Joking aside, here is what irritates me. Johnson is trying to share his ten-year old experience with us, but instead uses a modern reference. This is the equivelent of talking about how Star Wars influenced your life as a child (meaning the Original release) and then quoting from the re-released Special Edition and only those scenes which were added. It doesn't provide a true example of the phenomenon as encountered by Steven Johnson the ten-year old. More likely the Player's Handbook published in 1978. That's if it was a Player's Handbook at all and not a Basic Set or Original White Box.

That 1978 Player's Handbook describes character creation in the following way on page 8:
Creating the Player Character
Each participant in the campaign created by the referee must create one or more game personas. The game persona of each participant is called the player character in order to differentiate it from personas created by the referee, called non-player characters. The Dungeon Master is advices to limit player characters to one participent at commencement of the campaign, though as play progresses, additional player characters may be added in a judicious manner. Each player develops the abilities of his or her character through random number generation (by means of dice rolling) to determine the basic characteristics of the persona, the abilities. The payer then decides what race the character is, what the characters' class is, the alignment of the character, and what the character's name is to be...
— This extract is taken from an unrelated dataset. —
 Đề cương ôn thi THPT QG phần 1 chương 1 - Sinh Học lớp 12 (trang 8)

Each and every character has six principal characteristics, the character's abilities. These abilities are strength, intelligence, wisdom, dexterity, constitution, and charisma. (See also APPENDIX I, Psionic Ability). The range of these abilities is between 3 and 18. The premise of the game is that each player character is above average -- at least in some respects -- and has superior potential. Furthermore, it is usually essential to the character's survival to be exceptional (with a rating of 15 or above) in no fewer than two ability characteristics. Each ability score is determined by random number generation. The referee has several methods of how this random number generation should be accomplished suggested to him or her in the Dungeon Master's Guide. The Dungeon Master will inform you as to which method you may use to determine your character's abilities.
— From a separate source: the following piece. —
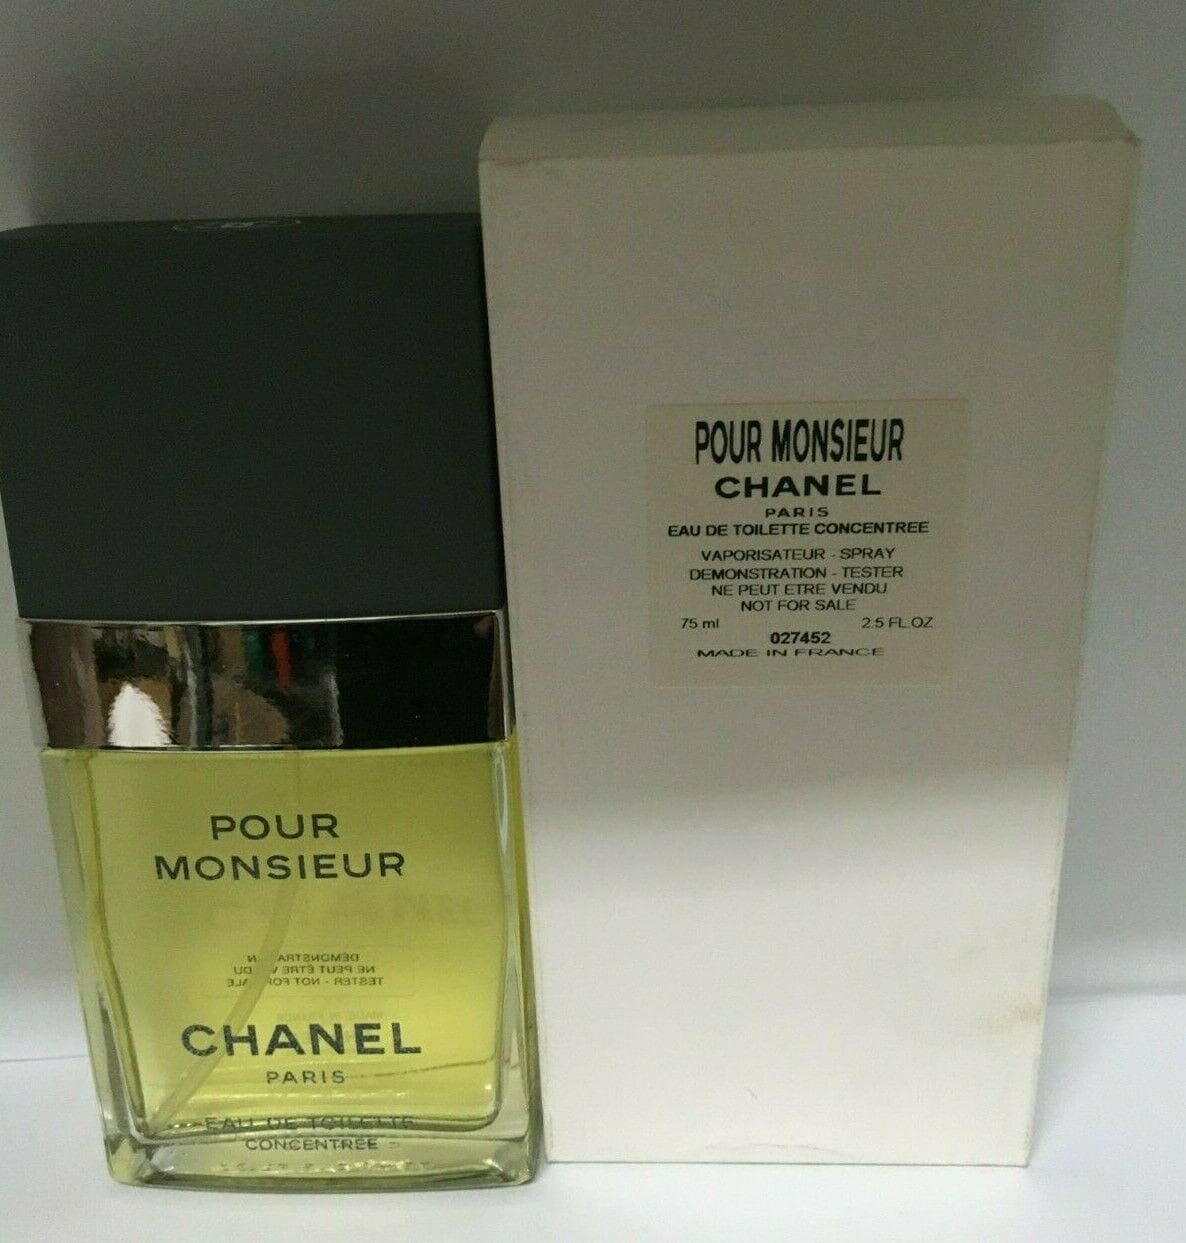 Chanel Pour Monsieur Eau De Toilette Concentree 2.5 Oz Spray -  Denmark

As you can see the text young Johnson read was even more arcane than the newer text, requiring some sort of hermetic discipline to decipher. The new text is complicated, to be sure, but it is "glossier" and more excessible due to years of refinement and need for explanation. It has been "translated" for a broader audience, if you will. True, it is still fairly unaccessible, but not as unaccessible as the old Player's Handbook. Does this mean that Johnson's thesis that modern Popular Culture is more complex than it was in the past has no merit? No. First, let me state for the record that the Player's Handbook though enjoyed by Johnson as a ten-year old was the Advanced version of the game. The aforementioned Basic Set was very similar to the text in the new Handbook and both are designed for the beginning player.

Sorry, but something had to be said.